Earlier this year the ride-sharing company Uber scored a victory in its legal battles of whether Uber drivers should be classified as employees or independent contractors. In this most recent California case of employee misclassification, Uber Technologies Inc. reached a settlement offering its drivers an average of about $1 apiece to dispense with alleged labor-code violations that their lawyer claimed might have been worth billions of dollars.   employee misclassification uber

The ride-hailing company, along with the drivers’ lawyer, asked a state judge in Los Angeles in February to approve a $7.75 million agreement to resolve claims stemming from its refusal to give California drivers the protections and benefits of employees. The accord allows Uber to keep classifying the drivers as independent contractors.

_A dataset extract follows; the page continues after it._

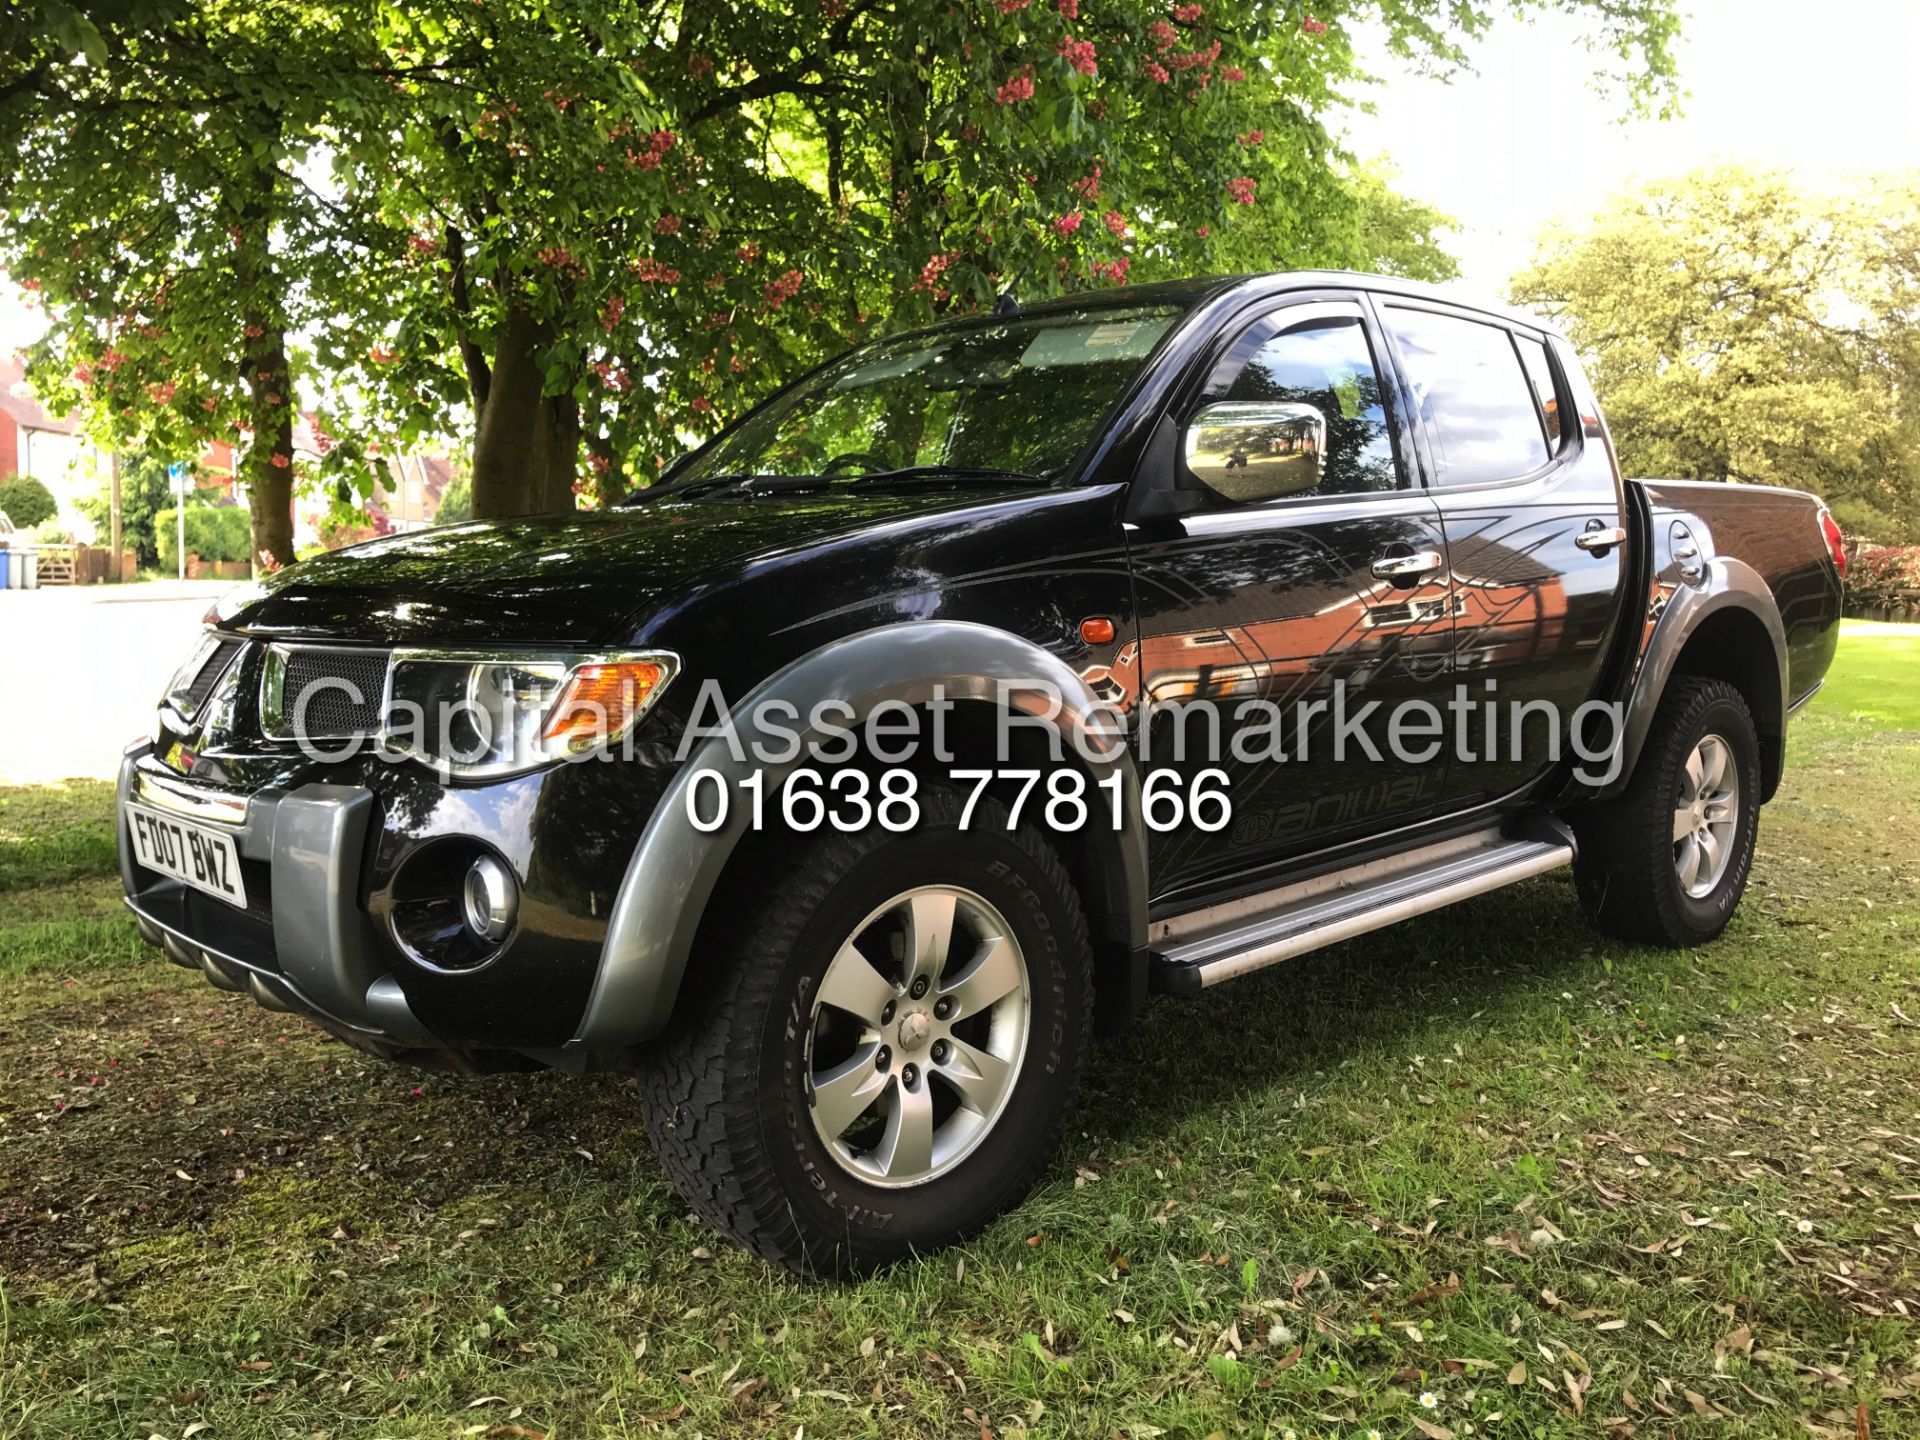 (ON SALE) MITSUBISHI L200 2.5DID "ANIMAL" BLACK EDITION" DC - LOW MILES - LEATHER - HUGE SPEC - WOW!

Here’s a brief  rundown of other milestone cases against Uber:

  • A 2015 California court decision determined that Uber drivers were employees entitled to certain benefits.
  • Uber agreed to pay $100 million that appeared to resolve a massive class action case in April 2016
  • Uber faced a rejection of that settlement by a federal court judge in August 2016 as the judge believed the resolution was not adequate.
  • A 9th Circuit ruling in September 2016 handed Uber a significant victory by upholding the company’s previously stated arbitration agreements.
  • In February of this year, a Florida state appellate court ruled that Uber drivers are independent contractors, not employees, and therefore not entitled to unemployment compensation benefits when their working relationship with the ride service terminates.